§ ACTIVITY: Give the listing again, word for word, and let no picture into it.

§ INFORMATION SHOWN:

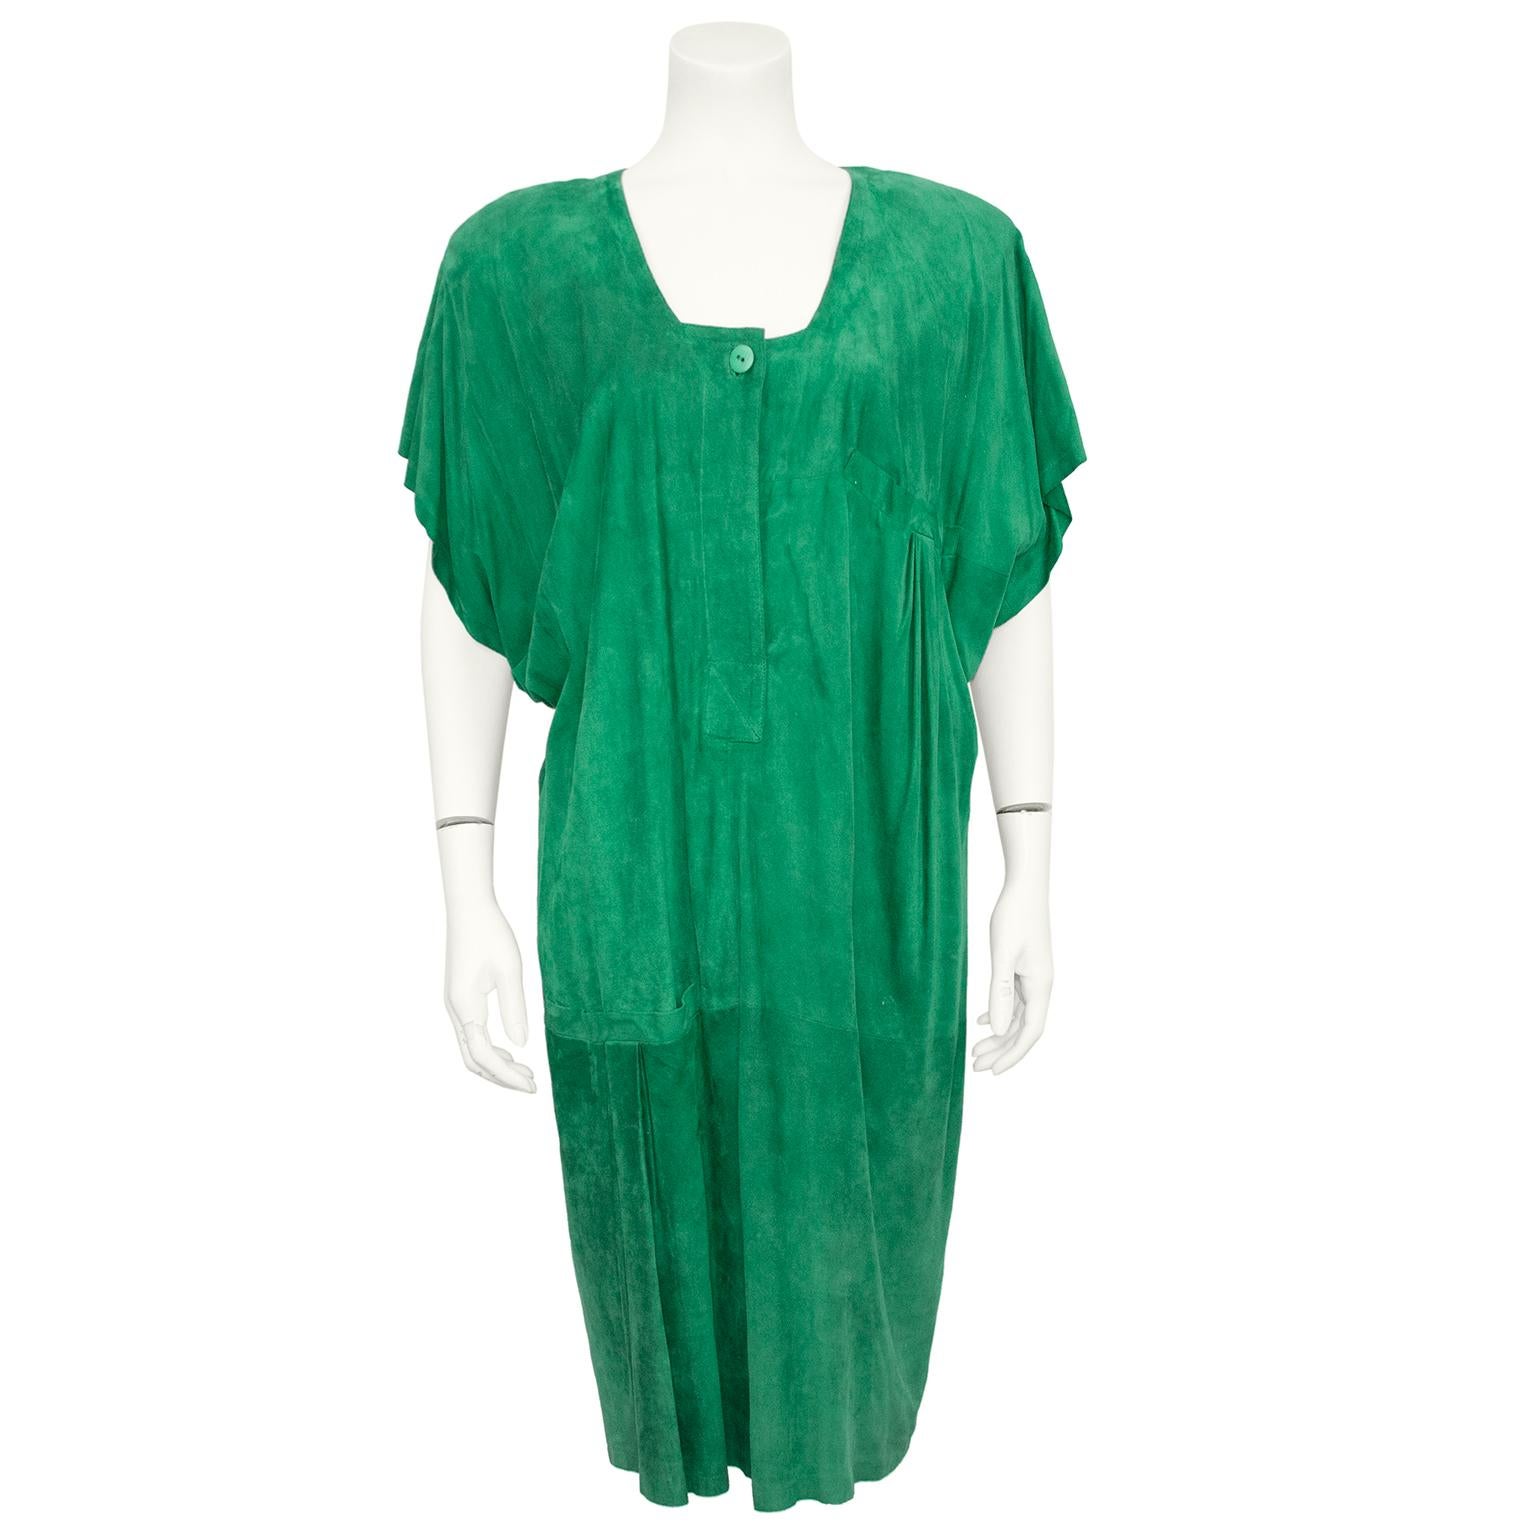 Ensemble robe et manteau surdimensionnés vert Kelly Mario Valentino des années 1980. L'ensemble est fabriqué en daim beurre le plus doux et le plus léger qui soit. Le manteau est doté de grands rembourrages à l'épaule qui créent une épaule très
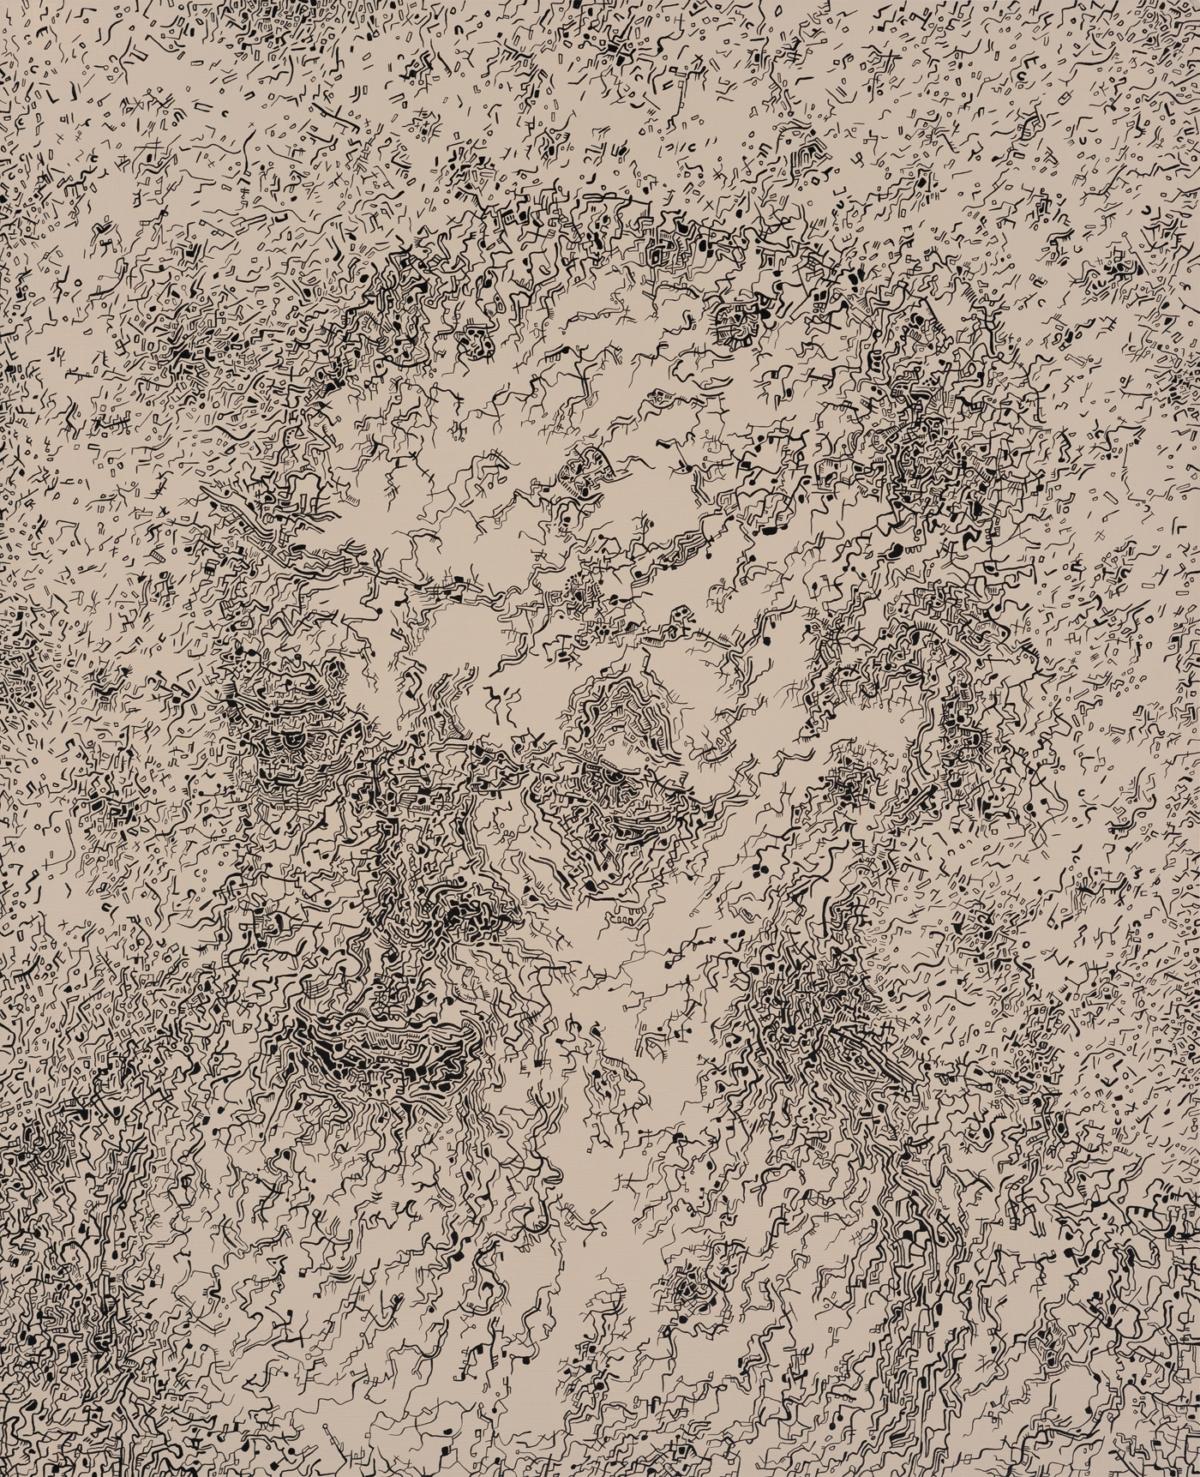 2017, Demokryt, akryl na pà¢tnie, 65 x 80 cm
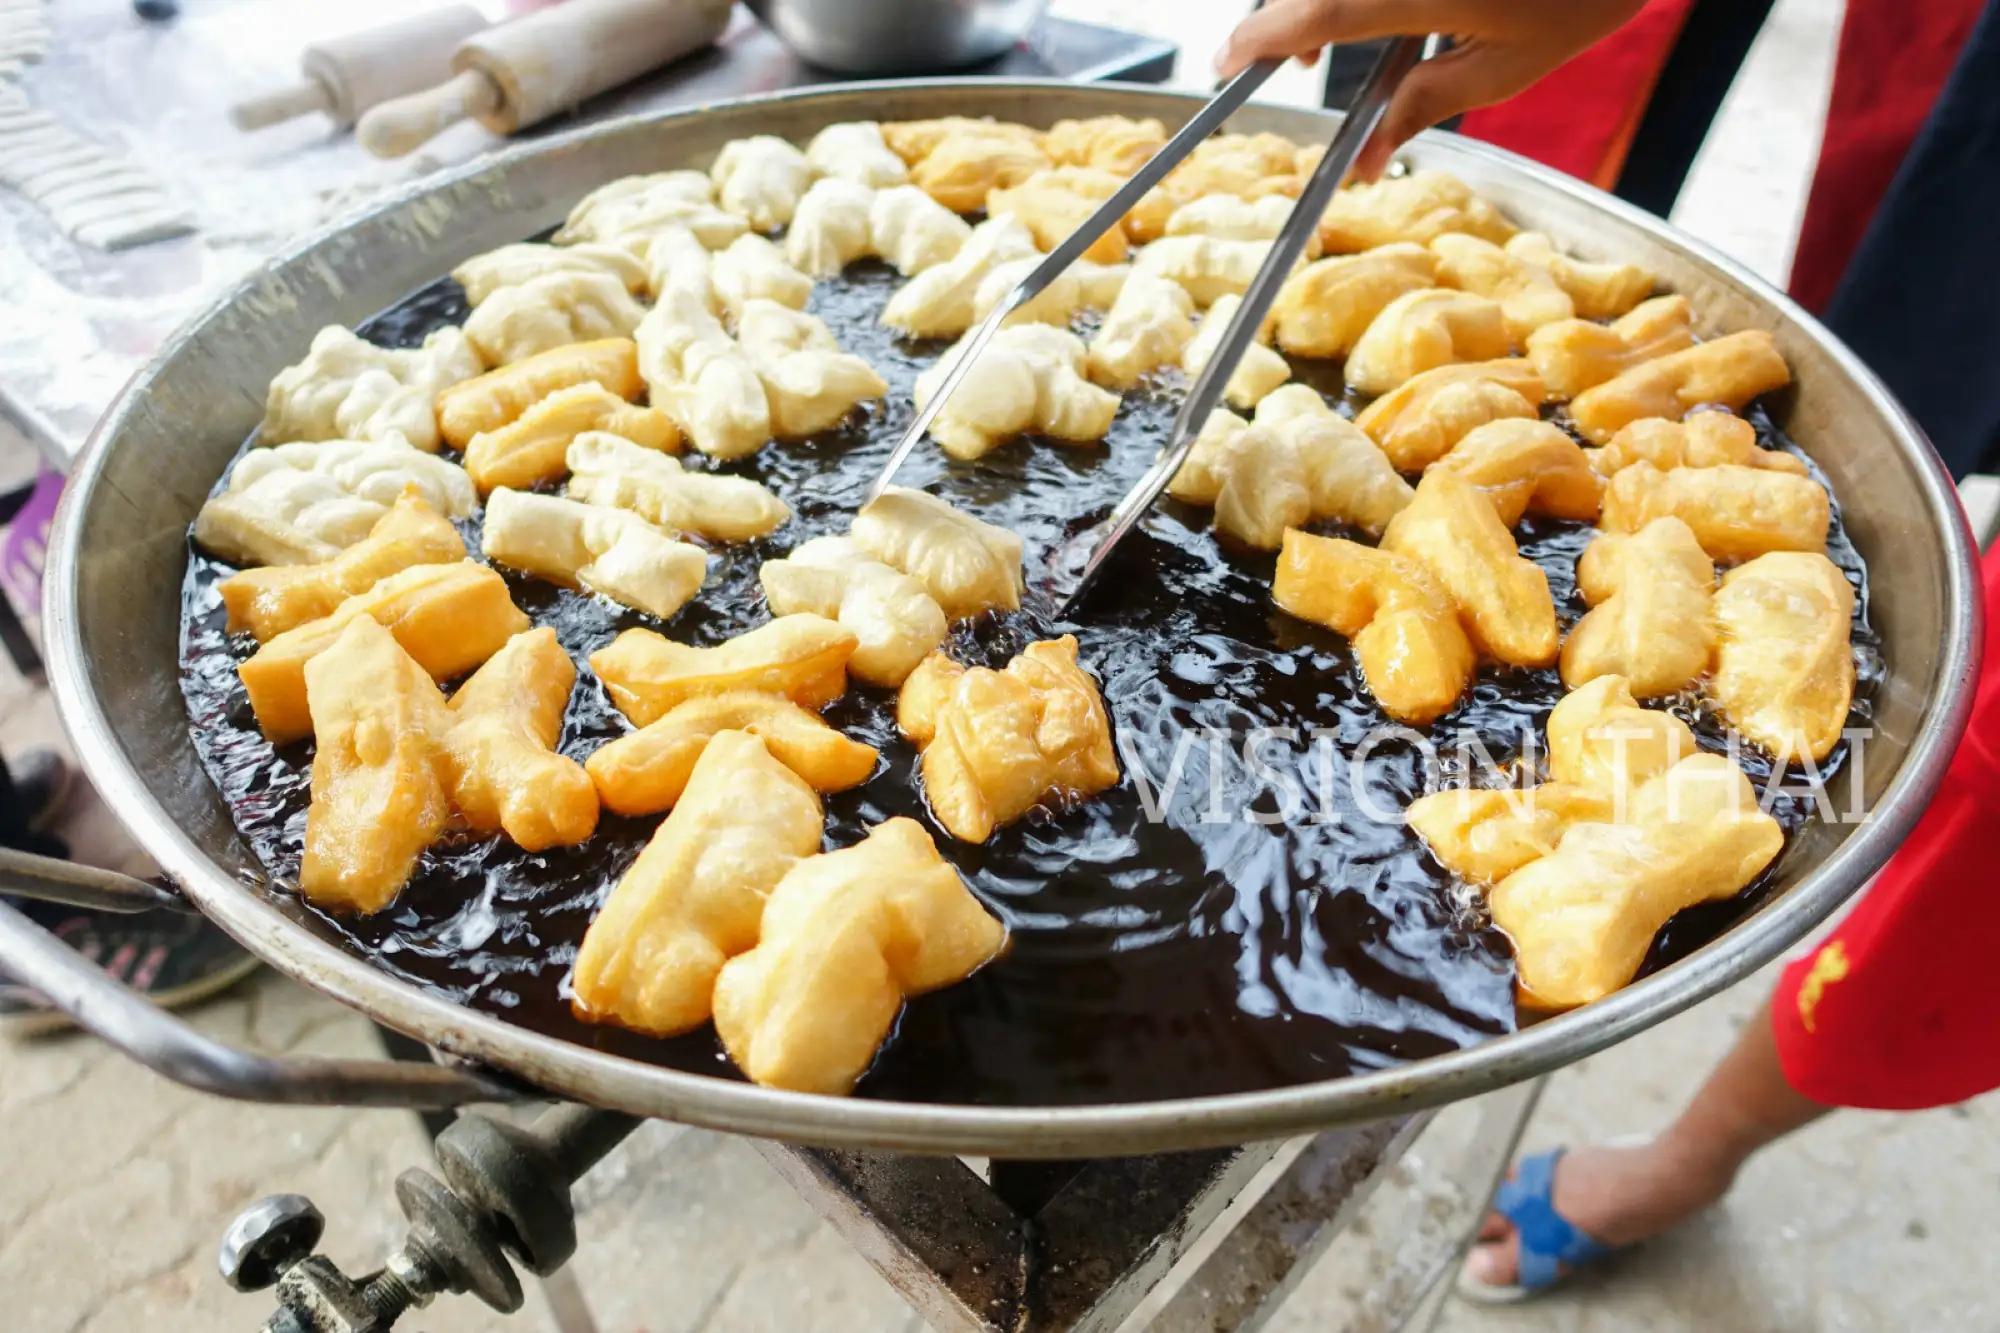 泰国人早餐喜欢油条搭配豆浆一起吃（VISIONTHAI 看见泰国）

§ FINISHED EXERCISE:
 Ensemble robe et manteau surdimensionnés vert Kelly Mario Valentino des années 1980. L'ensemble est fabriqué en daim beurre le plus doux et le plus léger qui soit. Le manteau est doté de grands rembourrages à l'épaule qui créent une épaule très
 2017, Demokryt, akryl na pà¢tnie, 65 x 80 cm
 泰国人早餐喜欢油条搭配豆浆一起吃（VISIONTHAI 看见泰国）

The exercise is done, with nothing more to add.